- Opening Delimiter -

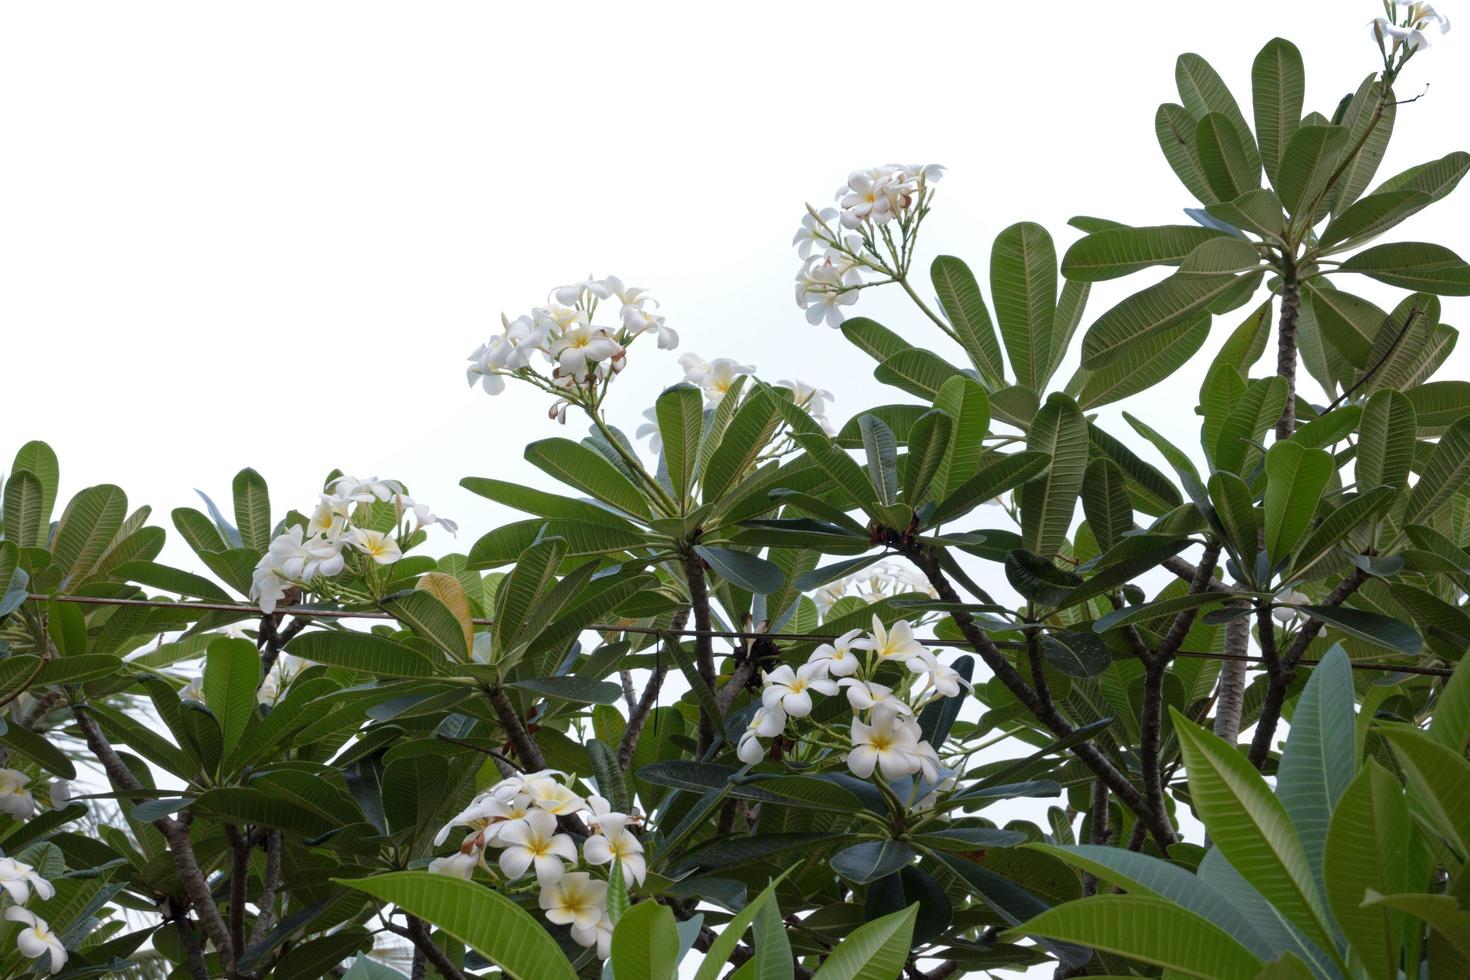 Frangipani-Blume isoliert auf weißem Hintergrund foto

- Closing Delimiter -
- Opening Delimiter -

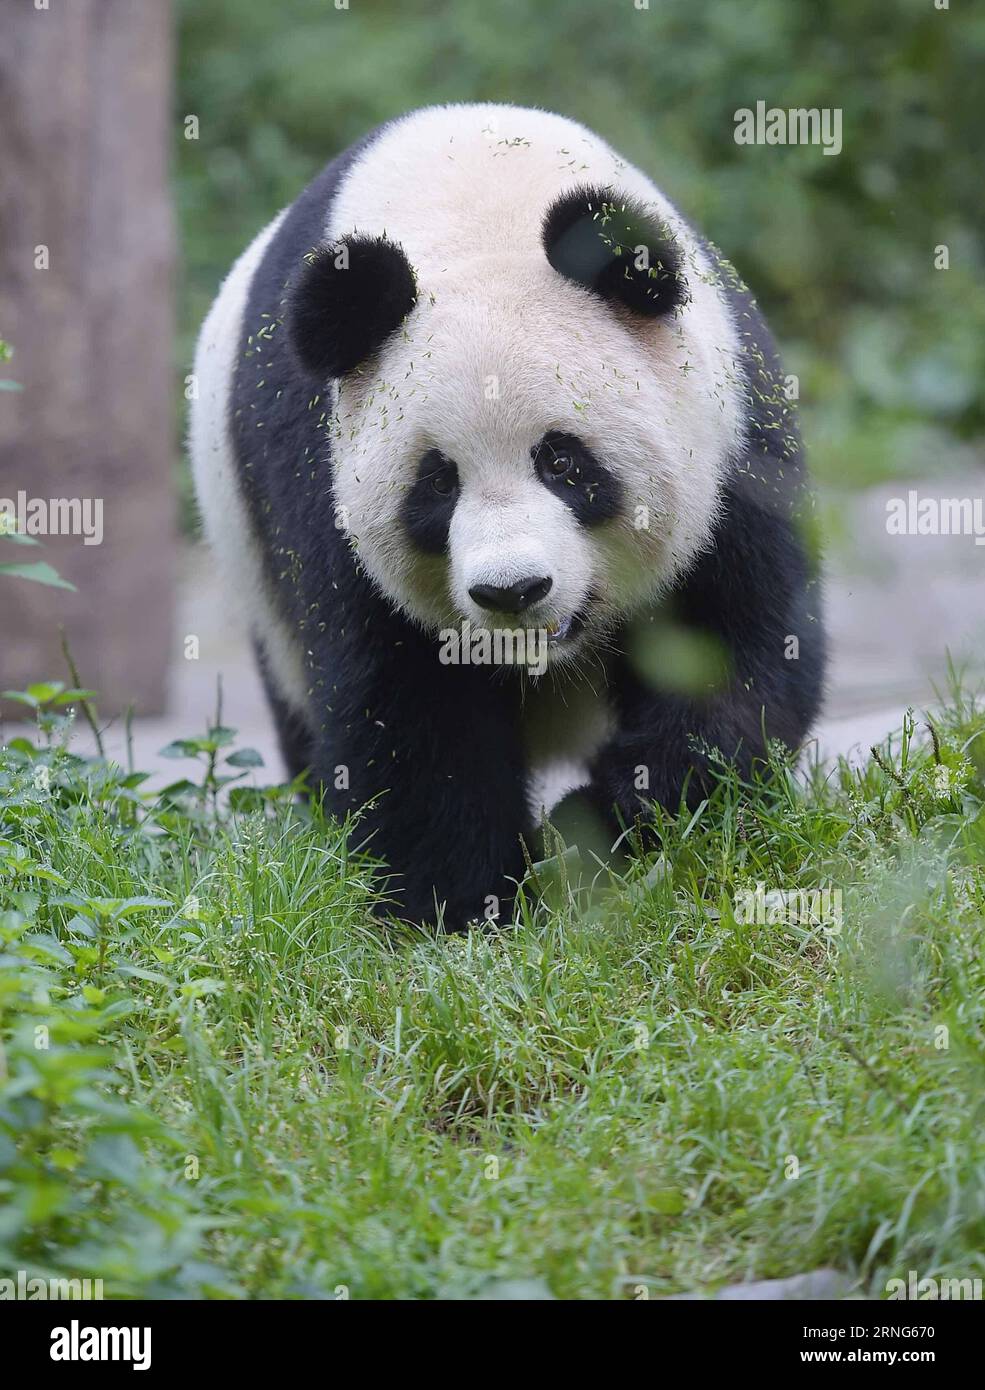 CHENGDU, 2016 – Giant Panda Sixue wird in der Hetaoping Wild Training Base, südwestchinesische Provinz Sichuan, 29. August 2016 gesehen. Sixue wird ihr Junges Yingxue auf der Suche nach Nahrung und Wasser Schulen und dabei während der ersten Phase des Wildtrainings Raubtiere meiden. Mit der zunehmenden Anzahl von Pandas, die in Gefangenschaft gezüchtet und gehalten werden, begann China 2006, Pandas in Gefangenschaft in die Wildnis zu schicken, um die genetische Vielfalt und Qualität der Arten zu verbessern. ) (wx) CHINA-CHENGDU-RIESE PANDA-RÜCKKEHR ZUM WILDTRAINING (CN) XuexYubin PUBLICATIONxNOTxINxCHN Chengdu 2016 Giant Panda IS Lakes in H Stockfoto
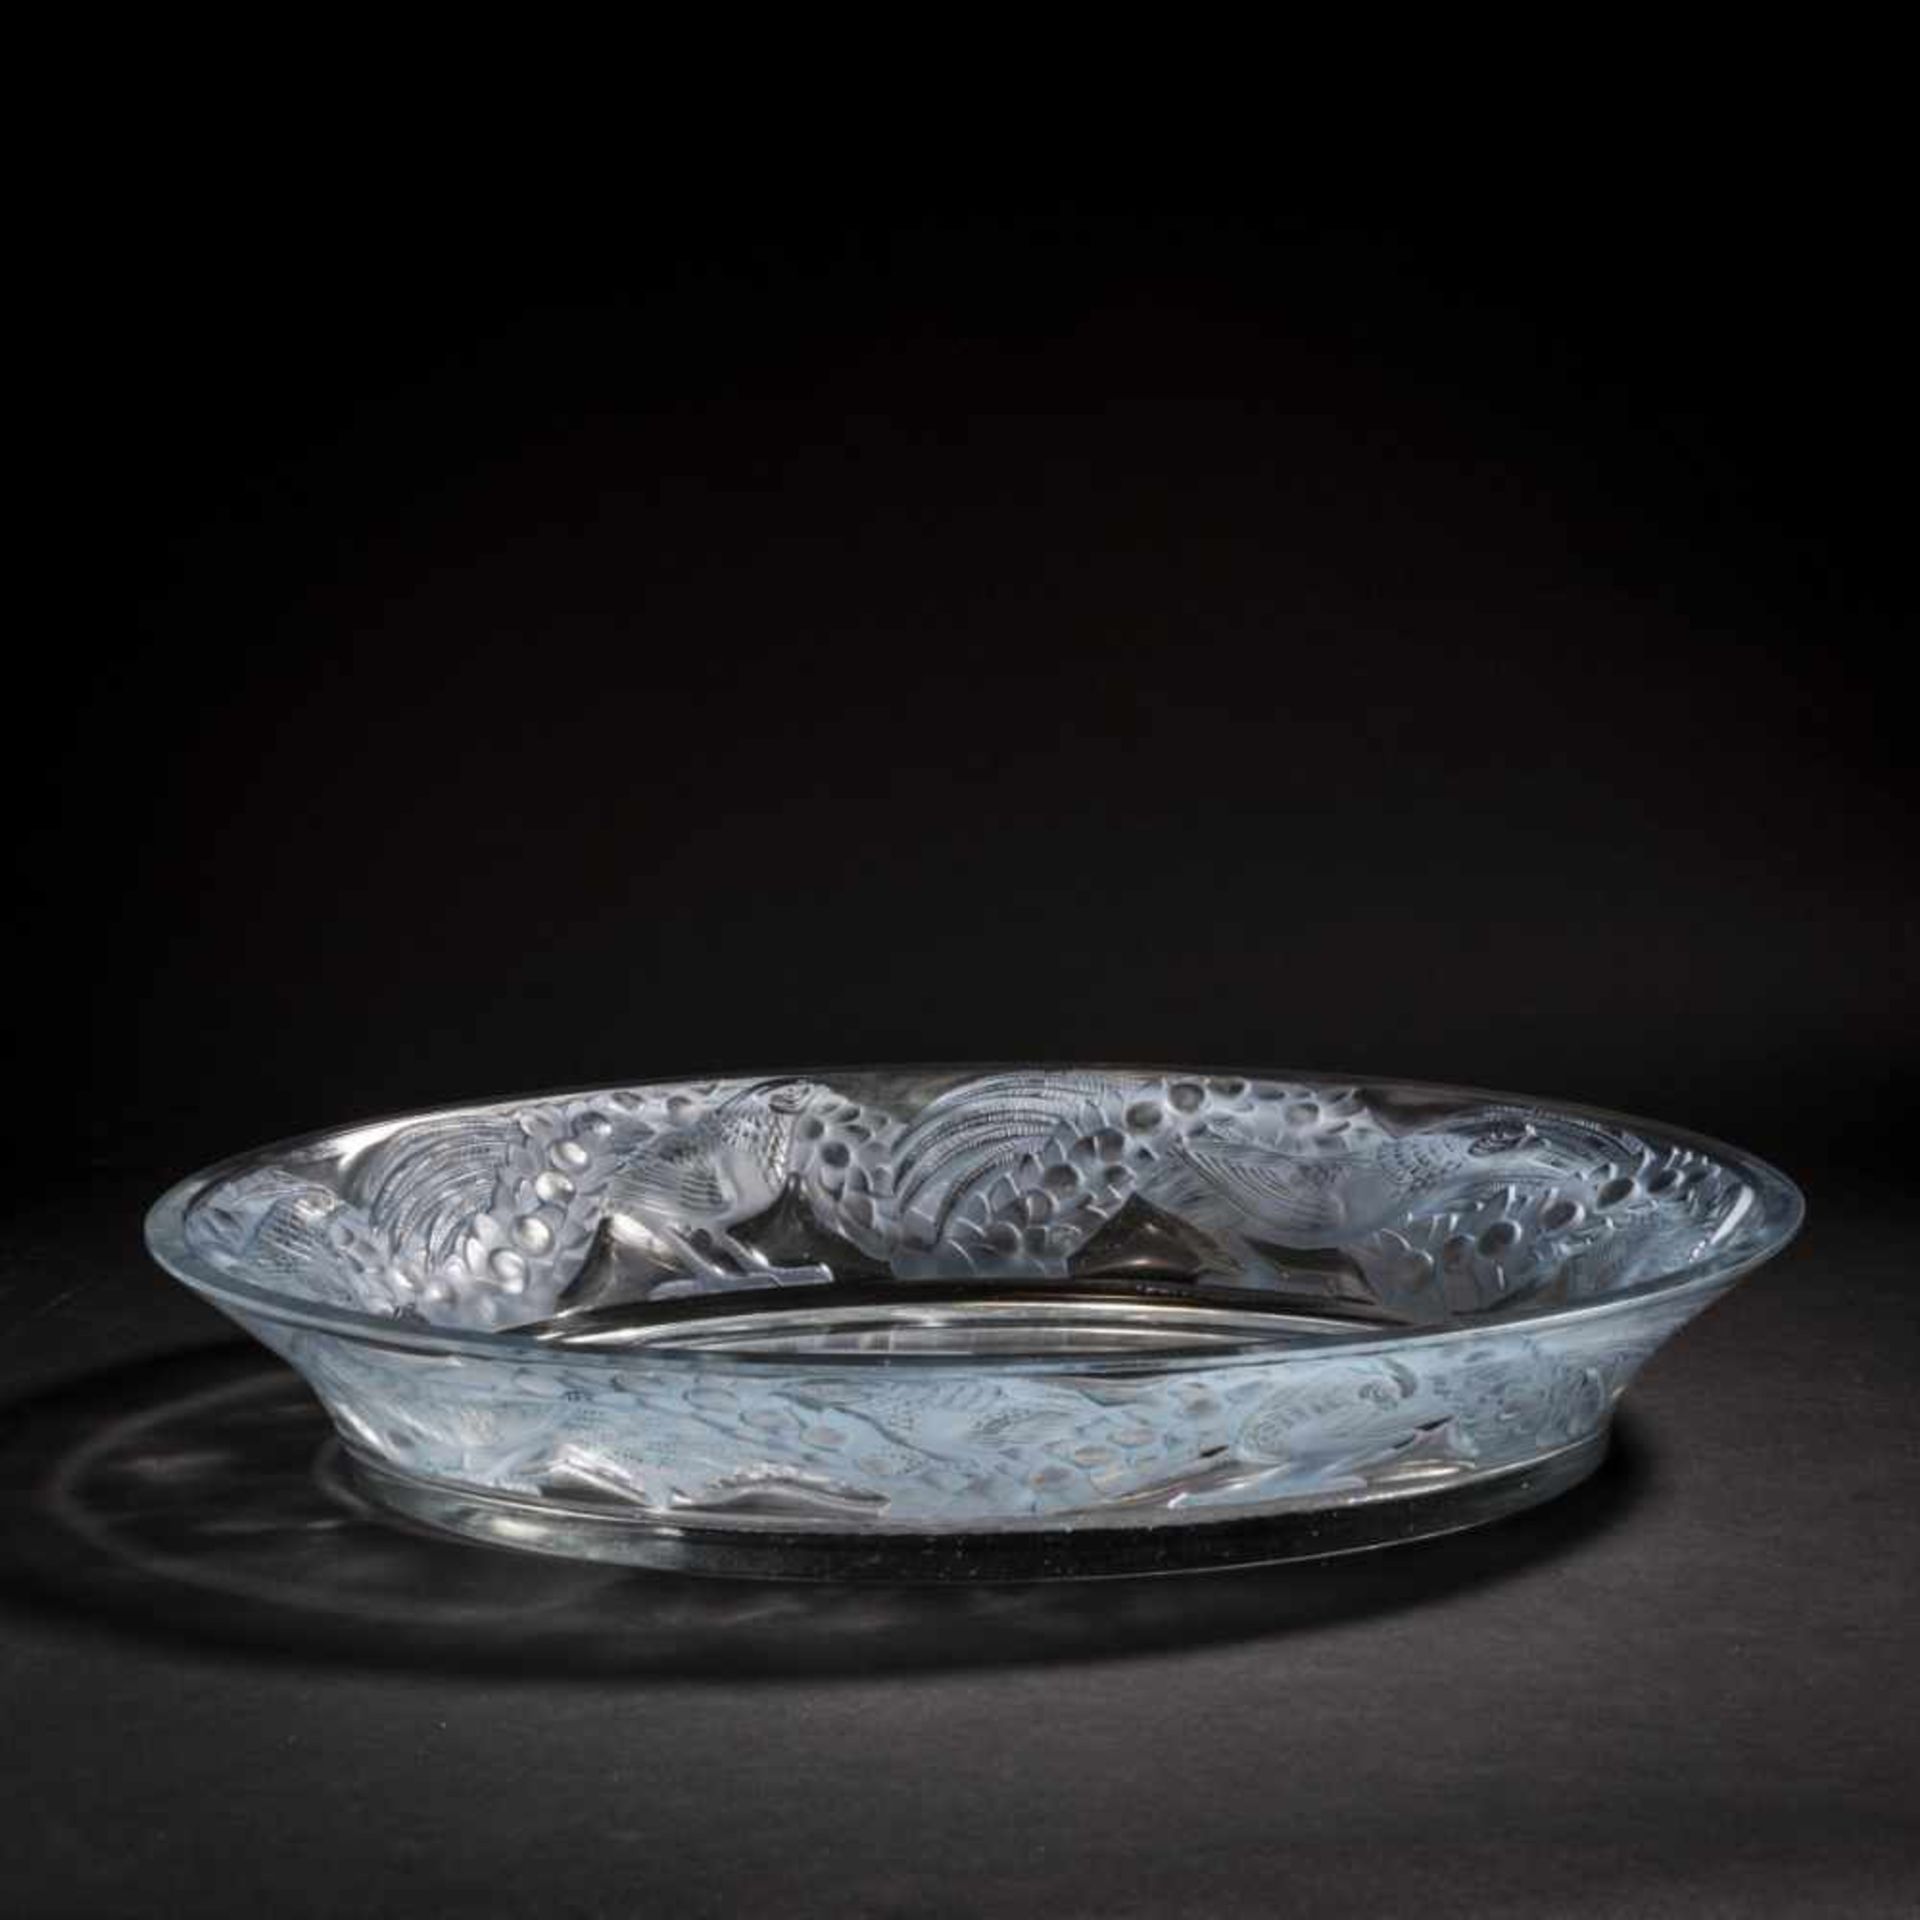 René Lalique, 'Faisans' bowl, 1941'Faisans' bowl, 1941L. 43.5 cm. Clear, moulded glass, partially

- Closing Delimiter -

*PROBLEM STATEMENT*
Using the entries above, transcribe every line from the line containing "CHENGDU, 2016 –" through the line containing "René Lalique, 'Faisans'". Do not copy pictures.

*COMPLETED EXERCISE*
 CHENGDU, 2016 – Giant Panda Sixue wird in der Hetaoping Wild Training Base, südwestchinesische Provinz Sichuan, 29. August 2016 gesehen. Sixue wird ihr Junges Yingxue auf der Suche nach Nahrung und Wasser Schulen und dabei während der ersten Phase des Wildtrainings Raubtiere meiden. Mit der zunehmenden Anzahl von Pandas, die in Gefangenschaft gezüchtet und gehalten werden, begann China 2006, Pandas in Gefangenschaft in die Wildnis zu schicken, um die genetische Vielfalt und Qualität der Arten zu verbessern. ) (wx) CHINA-CHENGDU-RIESE PANDA-RÜCKKEHR ZUM WILDTRAINING (CN) XuexYubin PUBLICATIONxNOTxINxCHN Chengdu 2016 Giant Panda IS Lakes in H Stockfoto
 René Lalique, 'Faisans' bowl, 1941'Faisans' bowl, 1941L. 43.5 cm. Clear, moulded glass, partially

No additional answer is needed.